Religion
- Affiliation: Islam – Sunni
- Province: Special Region of Yogyakarta

Location
- Location: Yogyakarta
- Country: Indonesia
- Interactive map of Kotagede Silver Mosque Masjid Perak Kotagede

Architecture
- Type: Mosque
- Style: Javanese vernacular
- Established: 1937

= Kotagede Silver Mosque =

Mosque in Yogyakarta, Indonesia

Kotagede Silver Mosque (Masjid Perak Kotagede) (Javanese: ꦩꦱ꧀ꦗꦶꦢ꧀ꦥꦼꦫꦏ꧀ꦏꦺꦴꦠꦒꦼꦢꦼ), or as it is more widely known, Silver Mosque (Indonesian: Masjid Perak), is a historical mosque complex in Yogyakarta, Indonesia.

== History ==
Construction of the Kotagede Silver Mosque began in 1937 under the auspices of Muhammadiyah to serve the religious needs of the local Muslim community. At the time, it became the second mosque built in the Kotagede area, following the more well-known Great Mosque of Mataram (Indonesian: Masjid Gedhe Mataram). The mosque was officially inaugurated and opened for public worship on January 12, 1940.

The mosque played a significant role during Indonesia’s fight for independence.

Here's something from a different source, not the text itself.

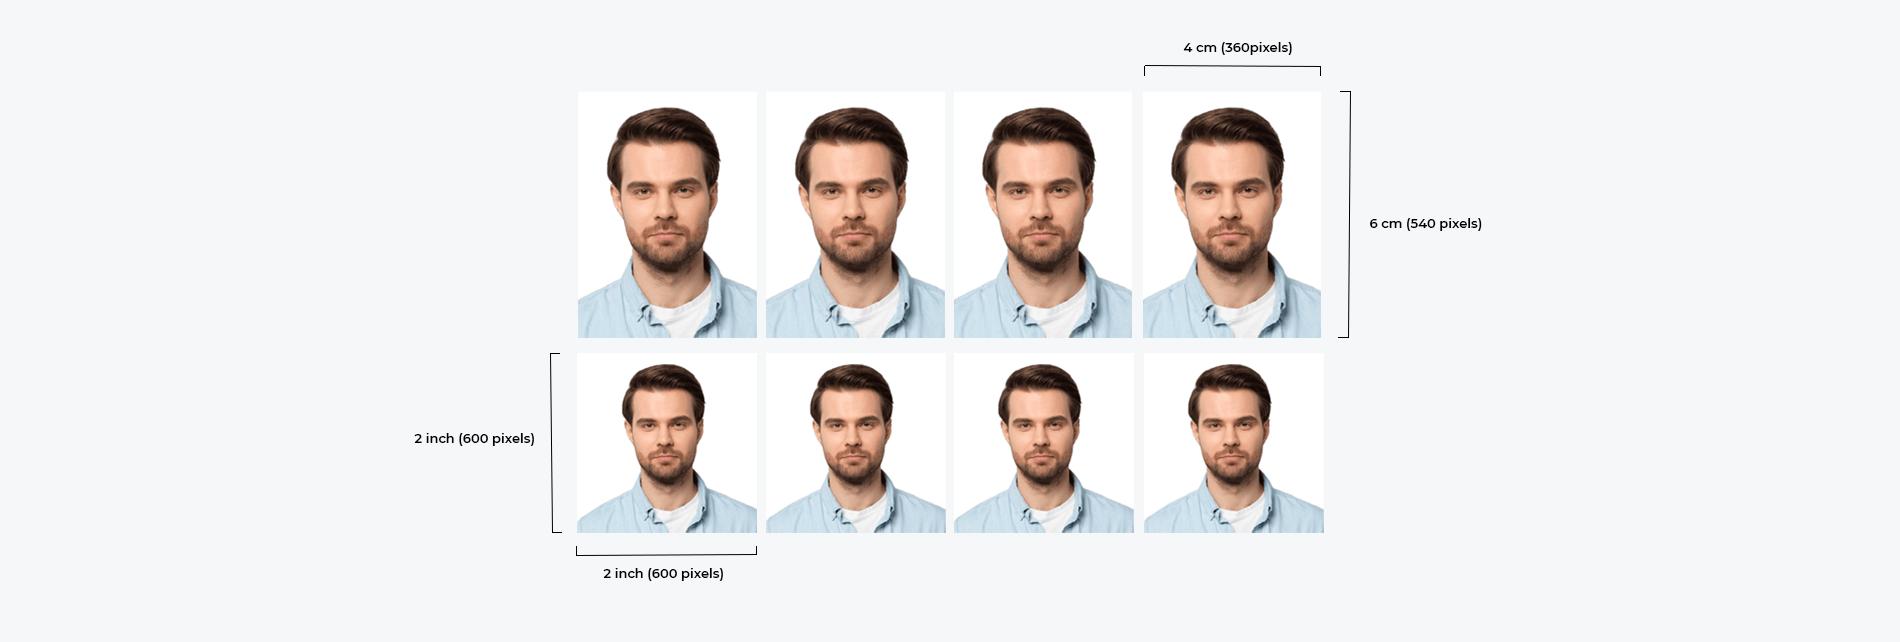 passport picture editor tip 1

It served as a gathering point for members of Laskar Hizbullah, an Islamic paramilitary group, before they headed to the front lines to resist Dutch colonial forces.

Interestingly, the name "Silver Mosque" is not derived from the silver craftsmen for which Kotagede is famous. Instead, it is believed to have originated from a linguistic connection between the Indonesian word for silver, perak, and the Arabic word firoq, which means “separator.” Symbolically, the mosque is thought to serve as a place where people can separate themselves from worldly distractions and find spiritual clarity.

== Architecture ==
Originally, the Kotagede Silver Mosque featured traditional Javanese architectural elements, reflecting the local cultural and religious heritage. However, it sustained severe damage during the devastating 2006 Yogyakarta earthquake. Due to the extent of the destruction, the mosque was dismantled and underwent a complete reconstruction from 2009 to 2013. Despite the rebuilding, the new structure faithfully follows the design of the original, preserving its cultural and historical identity. Some decorative features from the old mosque were carefully restored and integrated into the new building, maintaining a tangible link to the mosque’s past.